À l'hypocrisie, comme celle qui consiste à être favorable à un CETA – Accord économique et commercial global – encourageant l'importation d'hydrocarbures en provenance du Canada, s'ajoute un certain cynisme qui permet au Gouvernement de se racheter à bas prix une virginité écologique tout en continuant à polluer impunément chez nos voisins du Sud et en leur demandant par-dessus le marché de renoncer à leurs ambitions de développement. Plutôt que d'interdire chez nous et d'aller polluer ailleurs, ne fallait-il pas améliorer, voire renforcer notre cadre normatif environnemental, déjà parmi les plus stricts de la planète, et permettre ainsi aux Guyanais d'être acteurs de leur destin commun tout en apportant des garanties quant à nos intérêts environnementaux ? C'est d'ailleurs le sens de la proposition de loi mettant en conformité le code minier avec le droit de l'environnement, que nous avions adoptée en première lecture dans cet hémicycle en février dernier. Il est vrai que sa mise en oeuvre semble désormais renvoyée aux calendes grecques.
Lors de son récent passage en Guyane, le Président de la République a mis en garde les élus locaux qui, selon lui, surferaient sur la colère populaire qui règne sur ce territoire. Je veux lui dire aujourd'hui que ce sont précisément les méthodes comme celle choisie pour faire adopter ce projet de loi, rappelant le temps des colonies, qui alimentent cette colère populaire et fournissent le terreau du sentiment autonomiste, voire indépendantiste, qui est prêt à embraser la Guyane. Je rappelle à toutes fins utiles que les trois parlementaires guyanais de la République en Marche, tout comme la majorité de la collectivité territoriale de Guyane, pourtant soutien de ce Gouvernement, ont tous rejeté en bloc les dispositions relatives à l'arrêt des recherches et de l'exploitation des hydrocarbures au large des côtes Guyanaises. J'en veux pour preuve les amendements introduits au Sénat, qui consistaient à sortir les outre-mer du dispositif prévu par le projet de loi. Malheureusement, votre majorité s'est empressée de les supprimer la semaine dernière en commission du développement durable de notre assemblée.
Mes chers collègues, ce projet de loi a été élaboré à la va-vite. Ne serait-il motivé que par des raisons d'affichage ? Car – on l'aura noté – ni les instances de concertation de la République, ni les collectivités locales, ni les corps intermédiaires, ni les industriels concernés n'ont été associés à cette réflexion. Il s'agit pourtant d'un sujet complexe, touchant au quotidien de tous les Français et plus particulièrement des Français des outre-mer.
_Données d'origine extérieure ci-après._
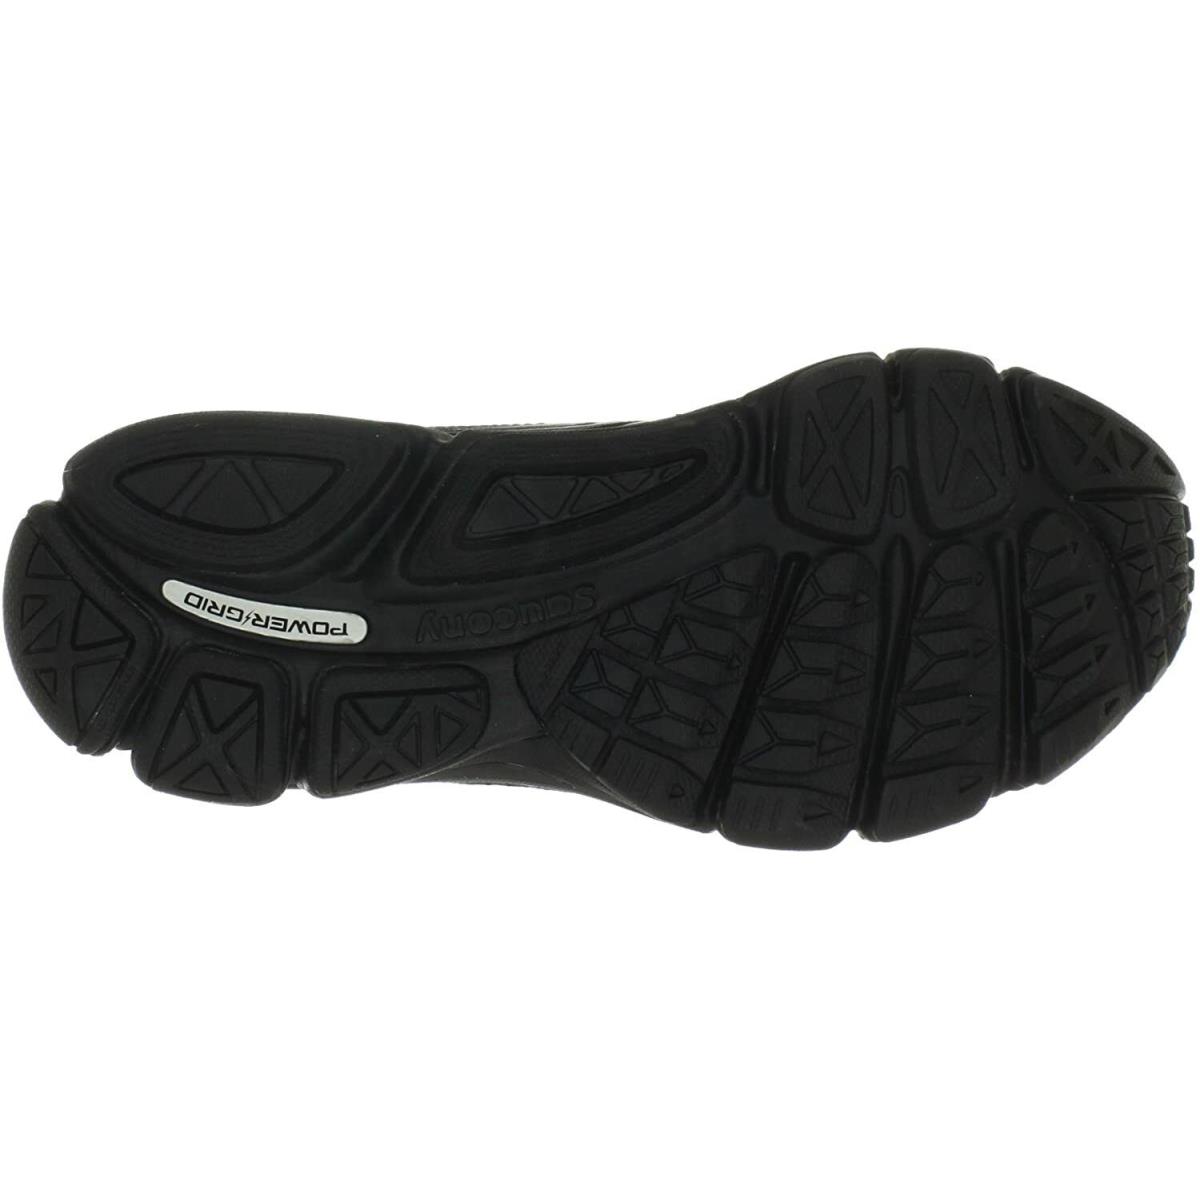 Saucony shoes  - Black 2

Il nous faut donc le retravailler pour aboutir à un projet de loi qui soit fondateur et surtout partagé. C'est de cette façon – et de cette façon seulement – que nous éviterons que ce projet de loi provoque de nouvelles ruptures avec certains de nos territoires, au premier rang desquels la Guyane.
Je le dis, je le répète : il n'est pas normal qu'aucune des collectivités d'outre-mer compétentes en matière de mines offshore n'ait été entendue, ni par la commission du développement durable et de l'aménagement du territoire ni par la commission des affaires économiques.